I’m going to just go ahead and get this out. Rivertown Brewing is so frustratingly inconsistent with their offerings and it’s strange to me that there has been no pushback whatsoever from the beer community. I’m going to air some grievances and give a little of my own pushback and then explain why these issues are so darn frustrating to me outside of the issues themselves.

1. Pestilence: The bottled version of this beer should never have been released to the shelves for sale. When reviews attribute olfactory qualities such as “candied walnut, blue cheese, and vomit”, “stinky cheese and fatty yogurt”, and “funk [that] is stomach-churning”, there is something seriously, seriously wrong with the finished product. I opened one of these bottles (of the four I bought) a couple months months ago, hoping my bottle would be different, and it went down the drain. The taste isn’t bad, but I’m not of the school that I should have to plug my nose while drinking a beer. I’ve heard from many people who had this on draft that it did not exhibit these problematic features. Since they’re people whose palates I generally trust, there obviously was a bottling issue. I have no idea what I’m going to do with my other three bottles, but I’m not looking forward to drinking them.

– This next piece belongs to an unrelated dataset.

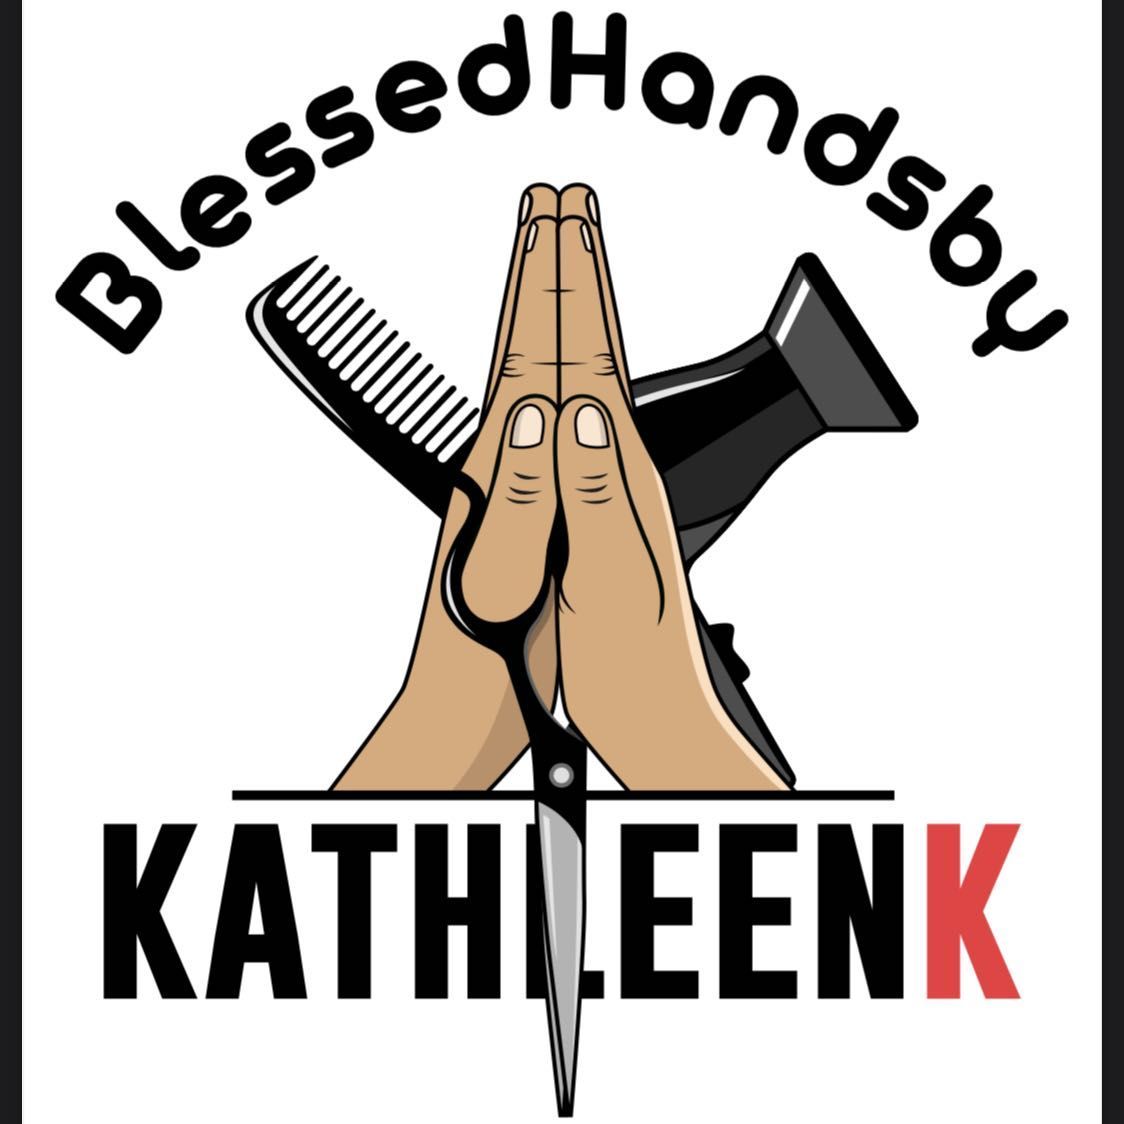 BlessedHands by Kathleen K, 212 N Oak St, Roanoke, 76262

2. Sour Cherry Porter: This beer I was very much looking forward to. Coming hot off of 2010 (stellar) and 2011 (good) Rivertown Lambics, I was ready for more of their sours. I picked up a bottle from The Party Source, where it is, to my knowledge, exclusively sold. Got it home, cracked it open and poured a completely uncarbonated beer into my glass. I tasted a sip just to confirm and though quite tasty, there was not a speck of carbonation. Danny Gold was gracious enough to swap out my bottle which I opened yesterday and, to my sadness, poured another completely uncarbonated glass of beer. I’m sure I’ll be able to swap this out for  another bottle, but at this point I’d frankly just like to stop wasting my time and get a refund on the not-insubstantial $13 I paid for a single, flat bottle of beer.

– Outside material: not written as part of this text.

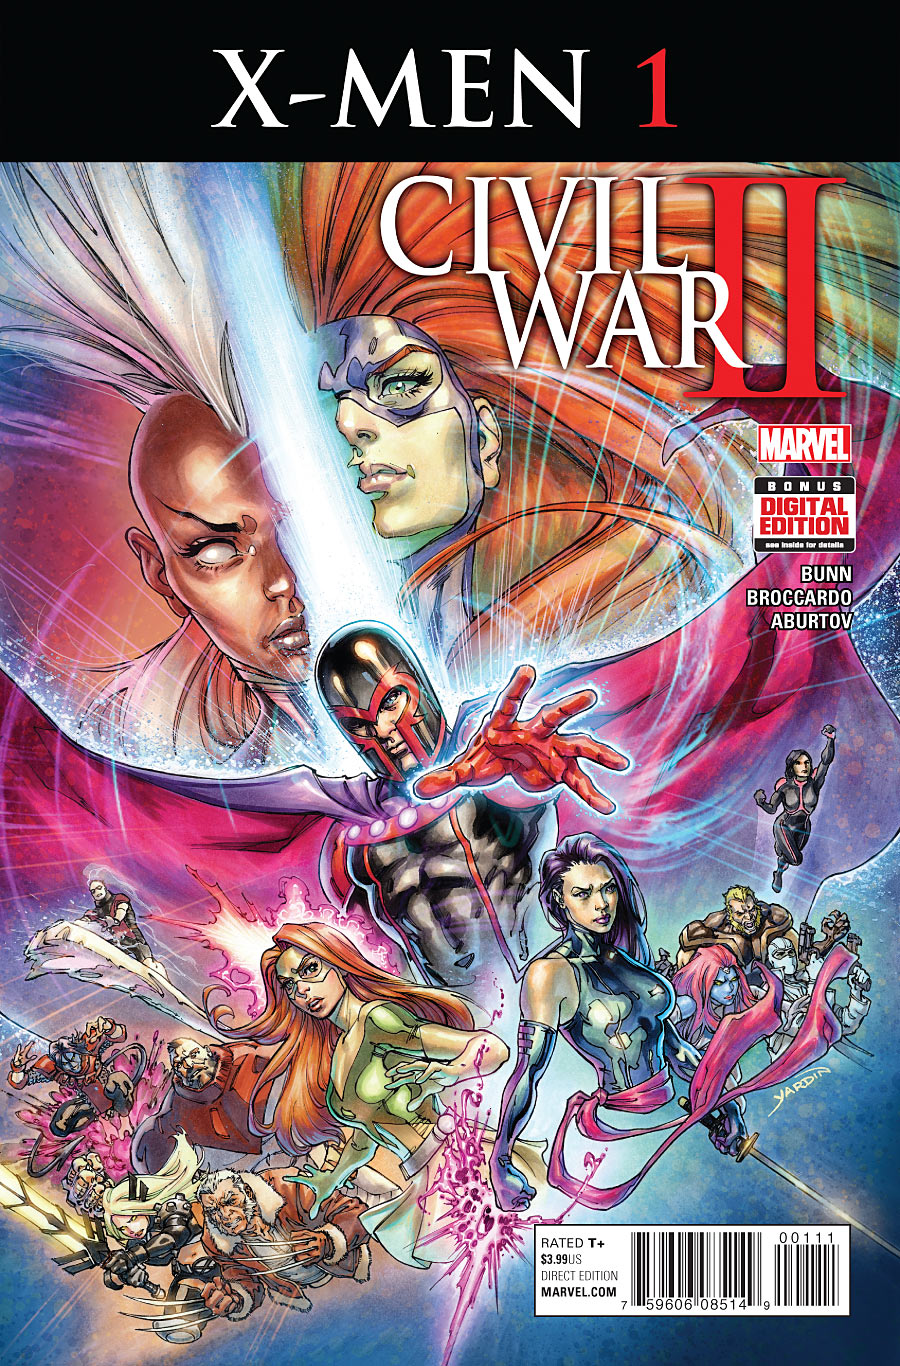 Civil War II X-Men Issue 1 Marvel

3. Uncommunicative-ness: One of my favorite things I enjoy about local businesses is being able to interact with their owners and managers. That goes double for local breweries. Mt. Carmel, Blank Slate, and Listermann/Triple Digit (not so much Moerlein) do a great job of interacting with their customers, answering questions and the like.  Rivertown seems to use social media (Twitter/Facebook is what I’m speaking of here), when they actually use it, as a one-way tool. I’m not sure who is running their accounts, but I have a much, much better success rate in getting a response when contacting Jason Roeper directly than when contacting the Rivertown accounts. Social media, for successful businesses, is not just a platform for free advertising, but a way to engage your current and potential customers.

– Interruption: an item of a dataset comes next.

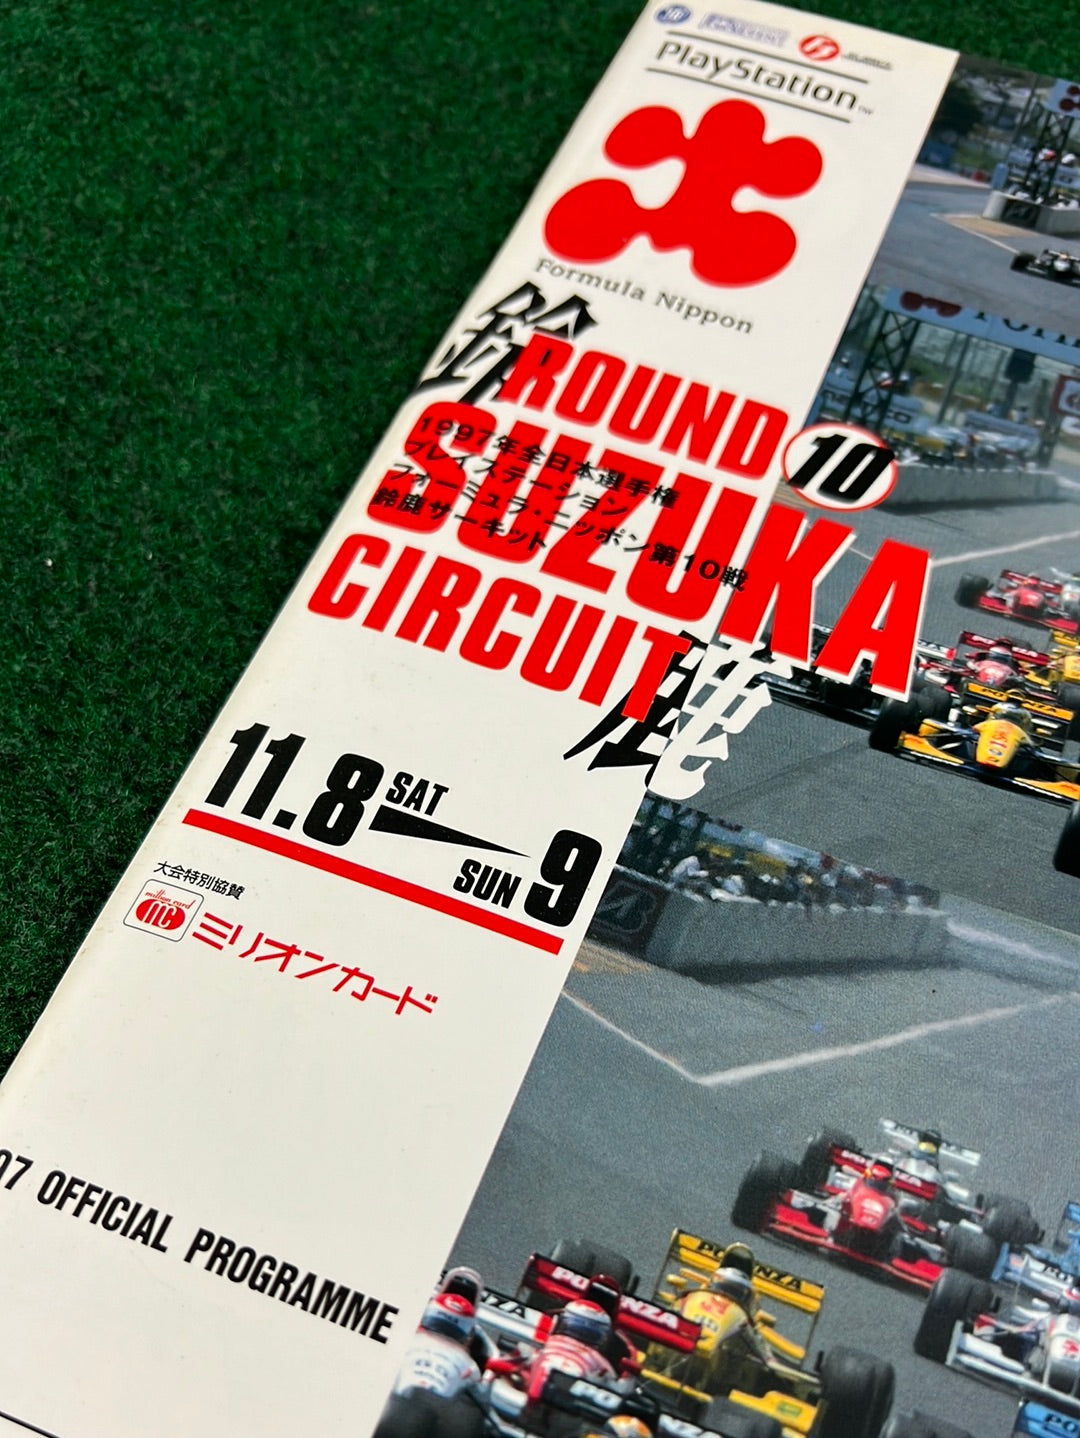 Formula Nippon - 1997 Suzuka Circuit Race Event Programs Set of 3

Now, why did I even take the time to write this post? Frustration over wasting money? Yes, partially, but only very, very partially. $20 isn’t a lot to waste in the grand scheme of things. I’m writing this because Rivertown has the potential to do a lot better than this. They have made some amazing stuff (there’s a reason Beer Advocate rated their Lambic a perfect 100 score) and their normal lineup while not amazing, is solid (outside of the weird fake vanilla-tasting Roebling bottles). They have one of the most creative and talented head brewers in the Cincinnati-area and they are one of the few local breweries who are doing really, really fun, out there stuff. While their highs are high, there lows, as can be seen above, are still quite low.

Maybe this is just a new brewery thing, and it will all blow over in time. I hope so. As silly as it sounds after all my complaining, I’m going to continue buying their releases because they are a local outlet of “beer geek” (sour, barrel aged, etc.) beers. I’ll continue to reward creativity, but at some point being creative is trumped by the quality of what you are producing. The execution is every bit as important as the idea is. It’s the whole “fool me once… fool me twice” bit.

14 thoughts on “Why Rivertown Brewing Frustrates Me So Much”

  1. I believe the reason there has been no push back is two fold. First you are talking about some relatively specialized beers that a lot of people (myself included) are going to avoid. Secondly, though MUCH more importantly is that there is rarely negative feedback of small local breweries. Blogs like our and bloggers like me (I am very guilty of this) praise the local craft/micro/whatever brewery/brewpub/gastropub/whatever to no end. This is problematic for our beer blogging industry and their brewery industry. No negative feedback provides no course corrections. I think we do this because we are fighting such a large uphill, neigh, up-mountain battle against AB-InBev and Miller Coors. It would be tragic for one bud light drinker to read this post and only this post and thereby decide to never try craft beer. But alas these things need to be said in the hopes that Rivertown realizes the error of their ways.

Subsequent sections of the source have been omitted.